The end result is that my eyes are okay at the moment, that my contact lenses are the right prescription, and that I should update my glasses so that they are the same prescription as my contact lenses. I have also realised that close-up reading is more difficult with my contact lenses in or my glasses on, and was told that it is a consequence of getting older. Don’t they know that I have got a year younger recently (see link)?

All this talk of eye tests has made a connection in my mind between one of Paul’s letters and Ezekiel. I am sure you know what I am talking about.

For the benefit of those who have just woken up and can’t make the obvious connection…

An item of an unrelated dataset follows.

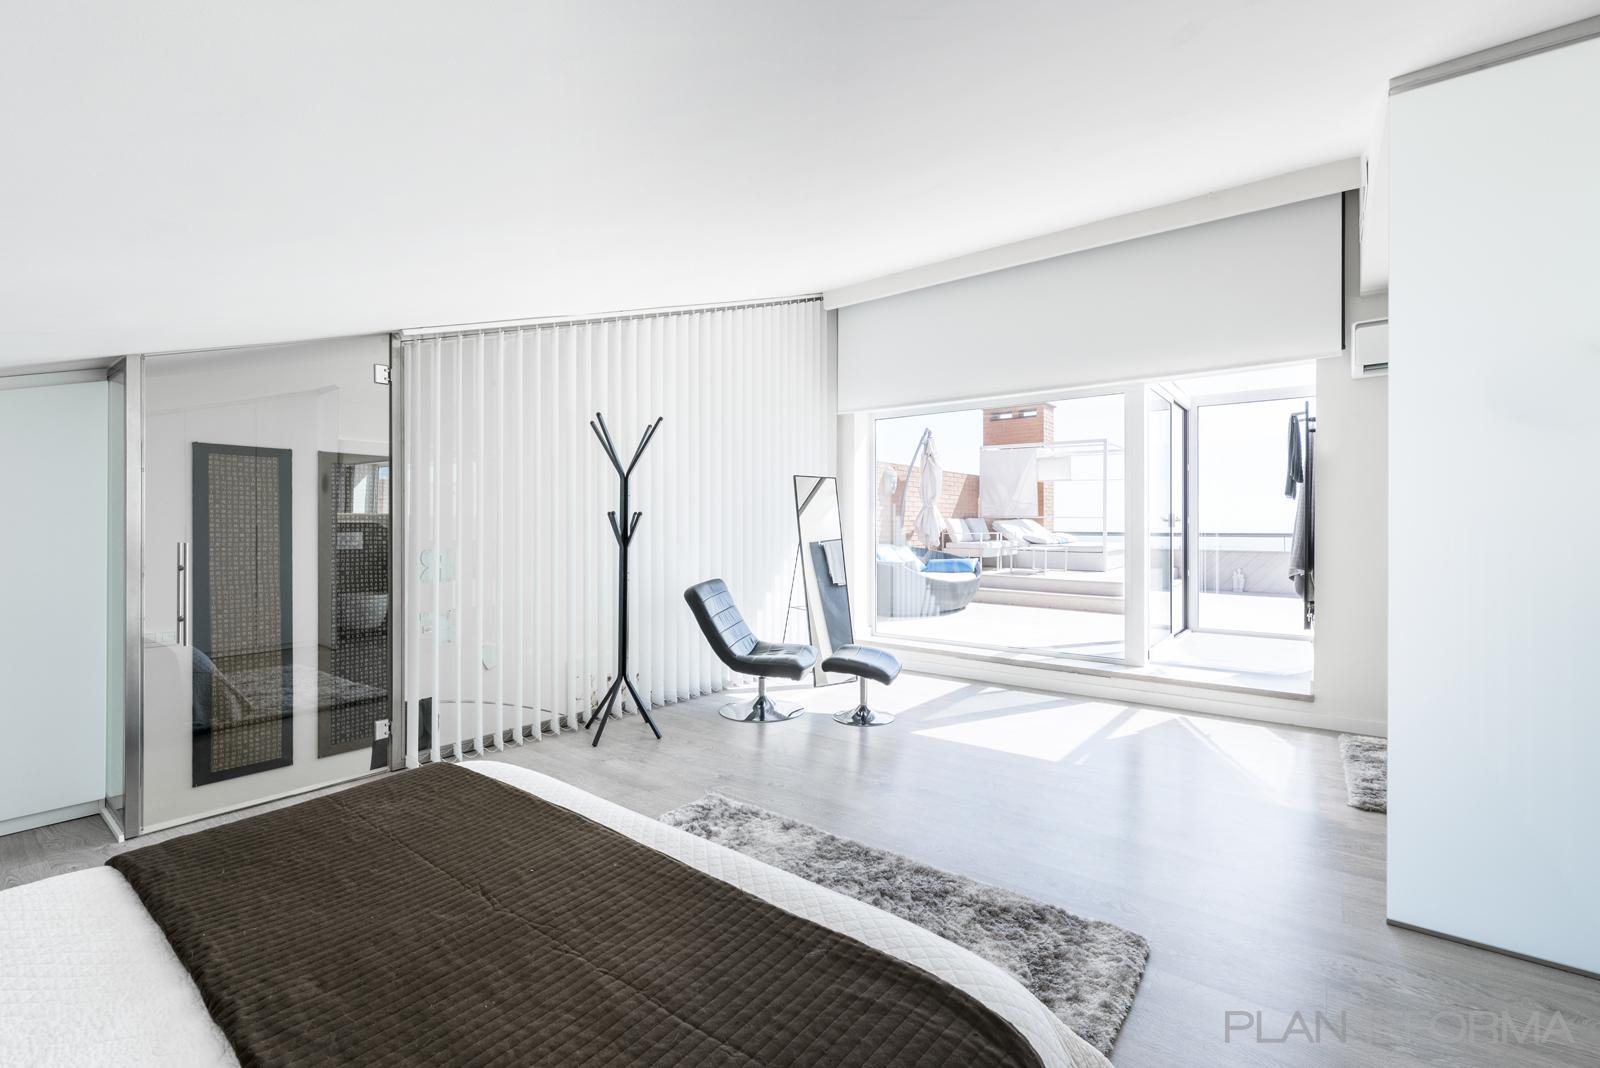 Dormitorio, Terraza, Balcon Estilo vanguardista Color beige, marron, gris  diseñado por Best Innova Project S.L. | Gremio | Copyright Best Innova Project S.L.

For now we see only a reflection as in a mirror; then we shall see face to face. Now I know in part; then I shall know fully, even as I am fully known. 
(1Co 13:12)

Like the appearance of a rainbow in the clouds on a rainy day, so was the radiance around him. This was the appearance of the likeness of the glory of the LORD. When I saw it, I fell facedown, and I heard the voice of one speaking. 
(Eze 1:28)

Still not sure? Paul was writing about how we don’t see the whole picture. Mirrors in his day were not the shiny perfectly reflecting items we have today, they would have given a fair picture but it would also have been distorted, with imperfections in the glass. This side of glory we can’t see God’s plans fully.

Ezekiel had an amazing vision (read the whole of chapter 1 if you want) and at the end of it he tells us that his description of it is of the appearance of the likeness of the glory of the LORD. Not the Lord, not his glory, not the likeness of his glory, but the appearance of the likeness of the glory of the LORD (thanks to Glen Marshall for pointing this out last week). That alone caused him to fall flat on his face.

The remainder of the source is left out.